Search performance on the simple grid environment (for benchmarking): sub-millisecond for 10 iterations. For realistic workflow composition with 7 modes and 13 agents, 100 iterations completes in under 800ms — well within the latency budget for agent dispatch.
The key performance insight: MCTS with heuristic evaluation (no LLM calls in the loop) is extremely fast. The bottleneck in the old MCTSToolRouter wasn't the tree search — it was the overhead of maintaining a separate implementation with its own node structures, configuration, and learning hooks. The unified engine eliminates that overhead.
What's Next
The architecture is designed for extensibility. Any new domain that implements the five-method MCTSEnvironment protocol immediately gets:
- Full MCTS search with UCT-based exploration
- World model predictions (state value estimates, transition probabilities)
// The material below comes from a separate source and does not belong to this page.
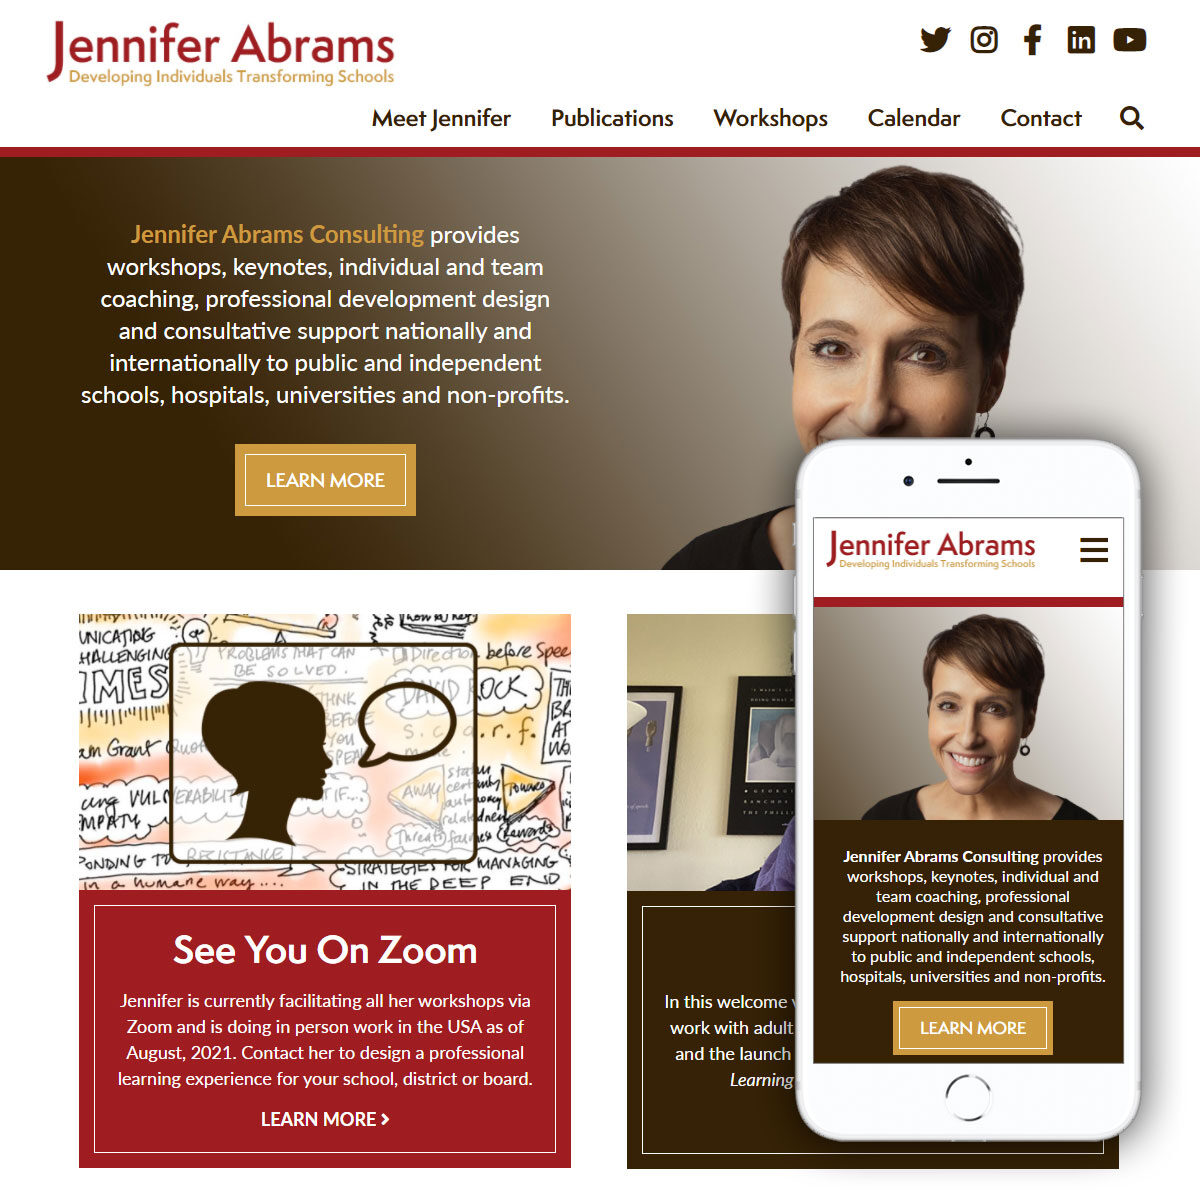 Jennifer Abrams Consulting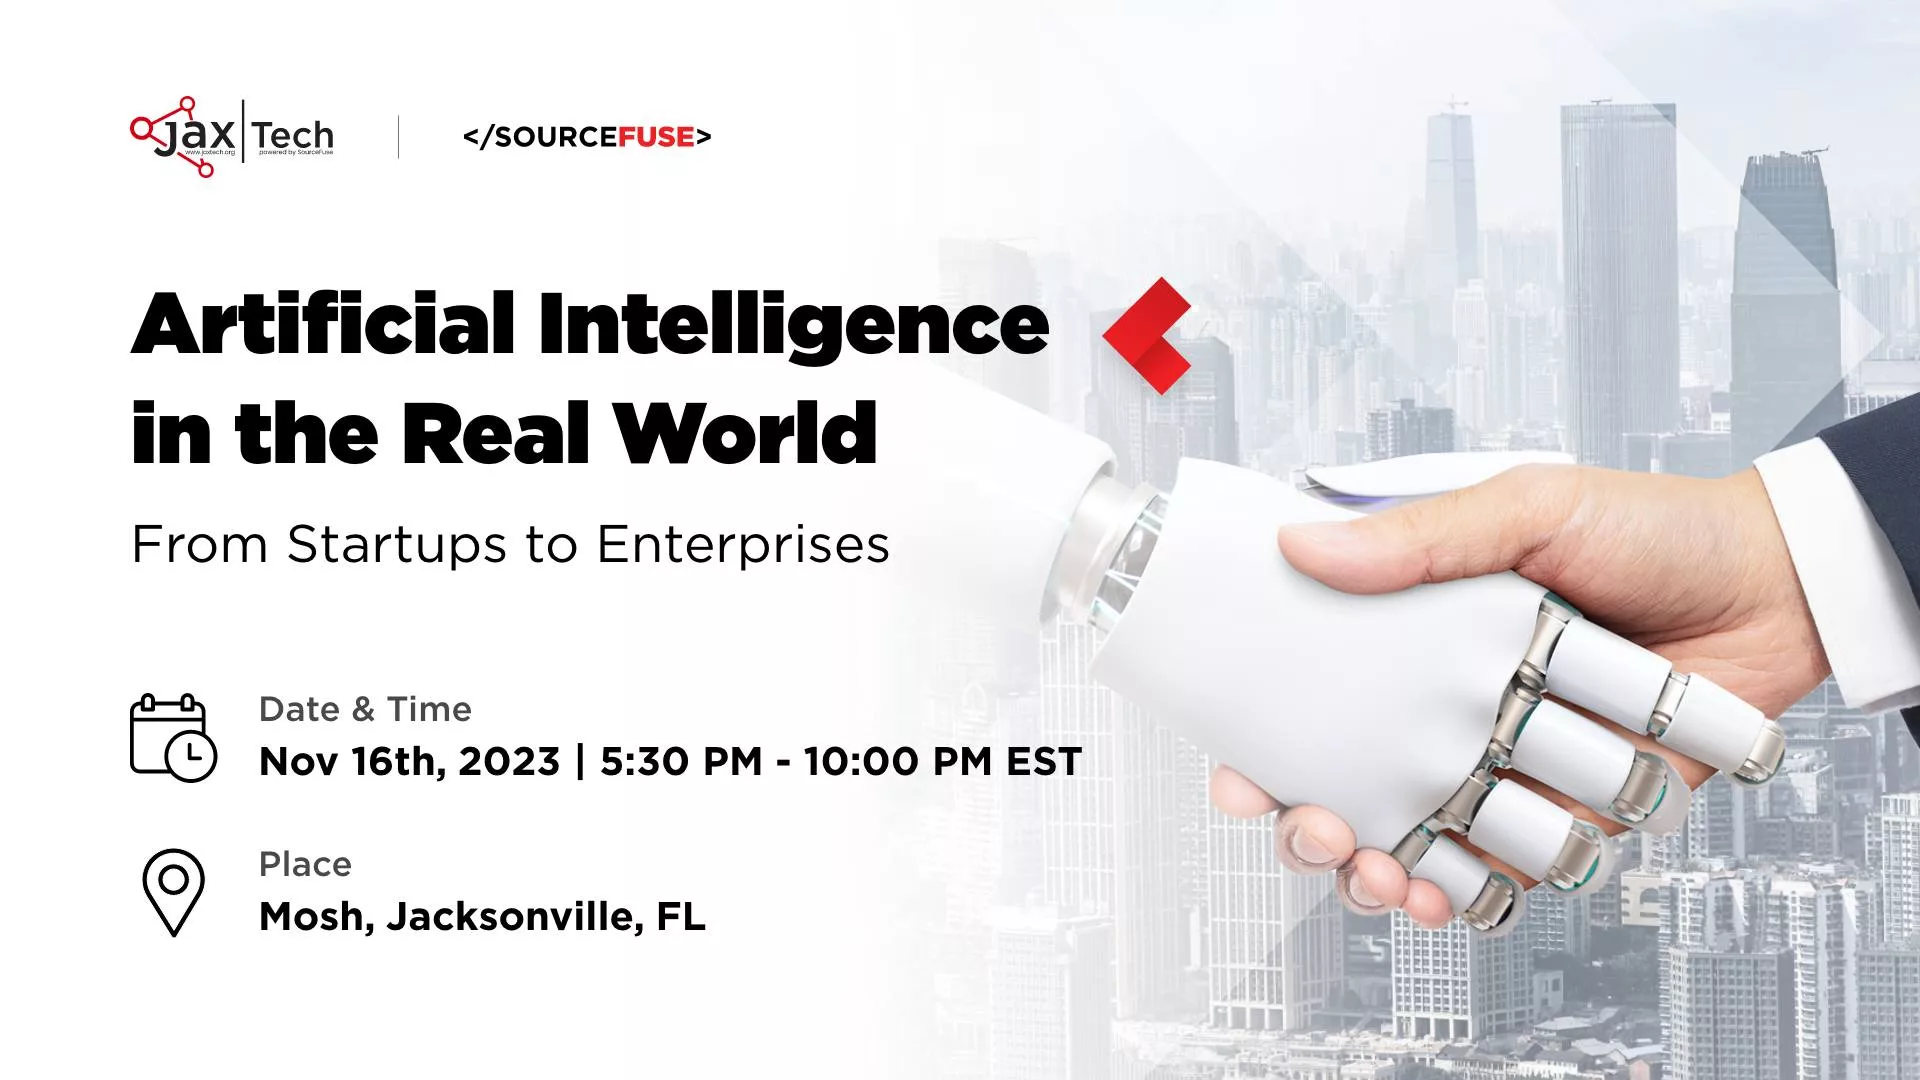 Artificial Intelligence in the Real World From Startups to Enterprises

- Configurable time and iteration budgets
- Confidence estimation from visit distribution entropy
- FluxEmitter observability and Strata ingestion
- SASE integration via the bridge
The next test: ARC-AGI-3. ArcGameEnv already wraps 2D grid transformations as MCTS actions. The challenge is making the evaluate() heuristic good enough to guide search toward correct transformations without brute-forcing the entire space. If the world model can learn grid transformation patterns from training examples, MCTS becomes a powerful reasoning engine for novel puzzles.
Beyond ARC, the WorkflowEnv composition layer opens up automated pipeline optimization. Instead of hand-tuning which tasks get forge vs swarm vs council, the system can explore thousands of configurations offline and learn the optimal dispatch strategy for each task category. Connect that to ConsumptionTracker's outcome data, and you have a self-optimizing orchestration layer.
Four engines became one. One protocol serves every domain. The algorithm doesn't care whether it's planning a code review or branching a story — it just searches for the best path through the tree. As it should be.